Postby BillB » Sun Jul 14, 2019 11:34 pm

Hi folks, I have the above pedal that I bought in the nineties, following a good review in one of the music mags back then. Had in storage for a long time, then lent it to my daughter, who I don’t think ever played it. Over the last few months I have clocked that they became desirable pedals, following John Meyer using one around 2007, and they kind of trace their mojo back to the John Mayall / Eric Clapton BluesBreaker album of the 1960’s. The full story is all over the internet and YouTube if you are interested. Also the pedal has spawned many imitators (and possibly some betters) in the boutique market.

Anyway, thought I should dig it out and see what the magic is that I obviously failed to spot in the 90’s. So plugged in, turned on and - nothing, or nearly so. If I hit a loud power chord, a very nasty snap of distortion gets through and cuts out. Otherwise nothing. Bypass works fine, the LED lights when it should (using Boss adaptor of correct voltage/polarity).
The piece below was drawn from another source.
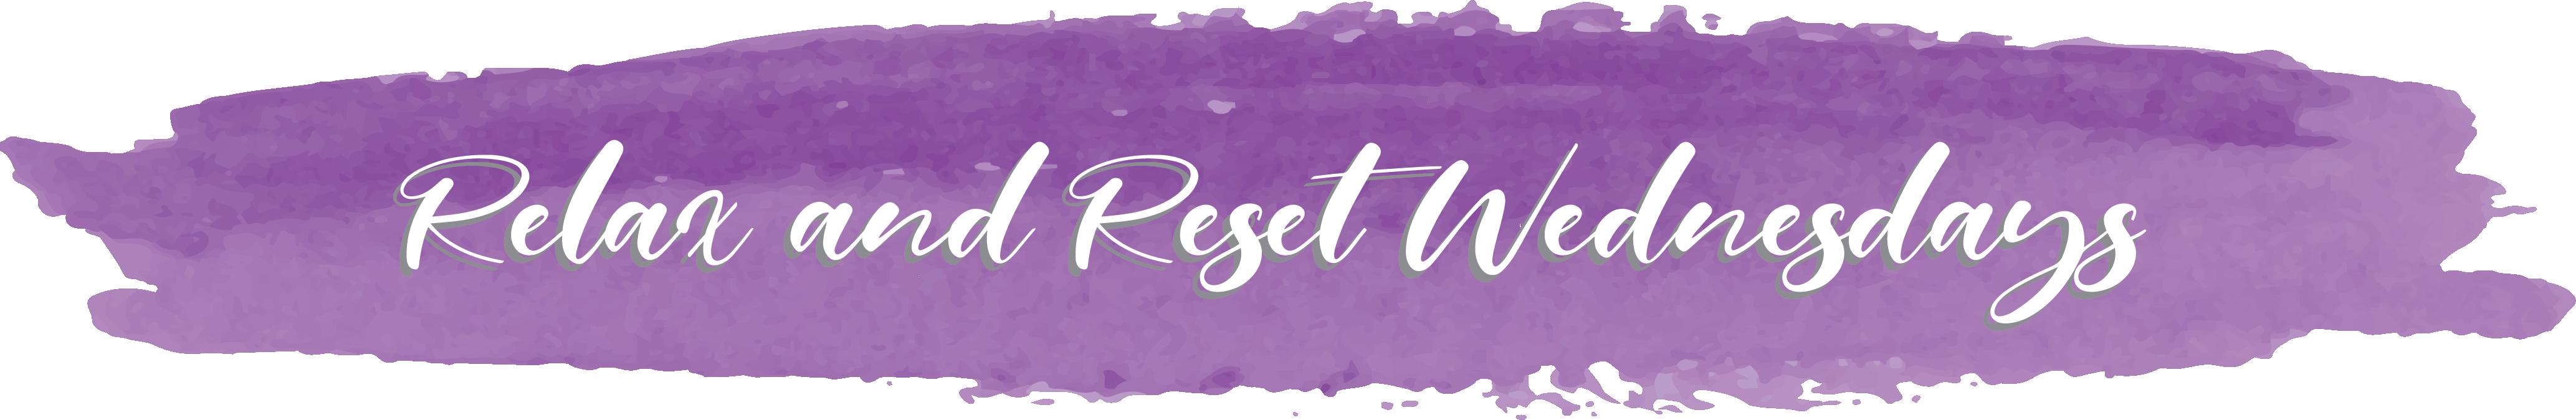 Relax and Reset Wednesdays web header 2019

I can take it apart to check for any bad joints, but can anyone say if this sounds like component level issue? Perhaps capacitors or the dual op-amp (JRC072BD or TL072), haven’t checked yet. I could put the op-amp in a socket like this guy:
http://www.tonegeek.com/musicgear/pedals/marshall-bluesbreaker-mods.php
- which would allow me to try other op amps in case it has failed.

Any other suggestions welcome.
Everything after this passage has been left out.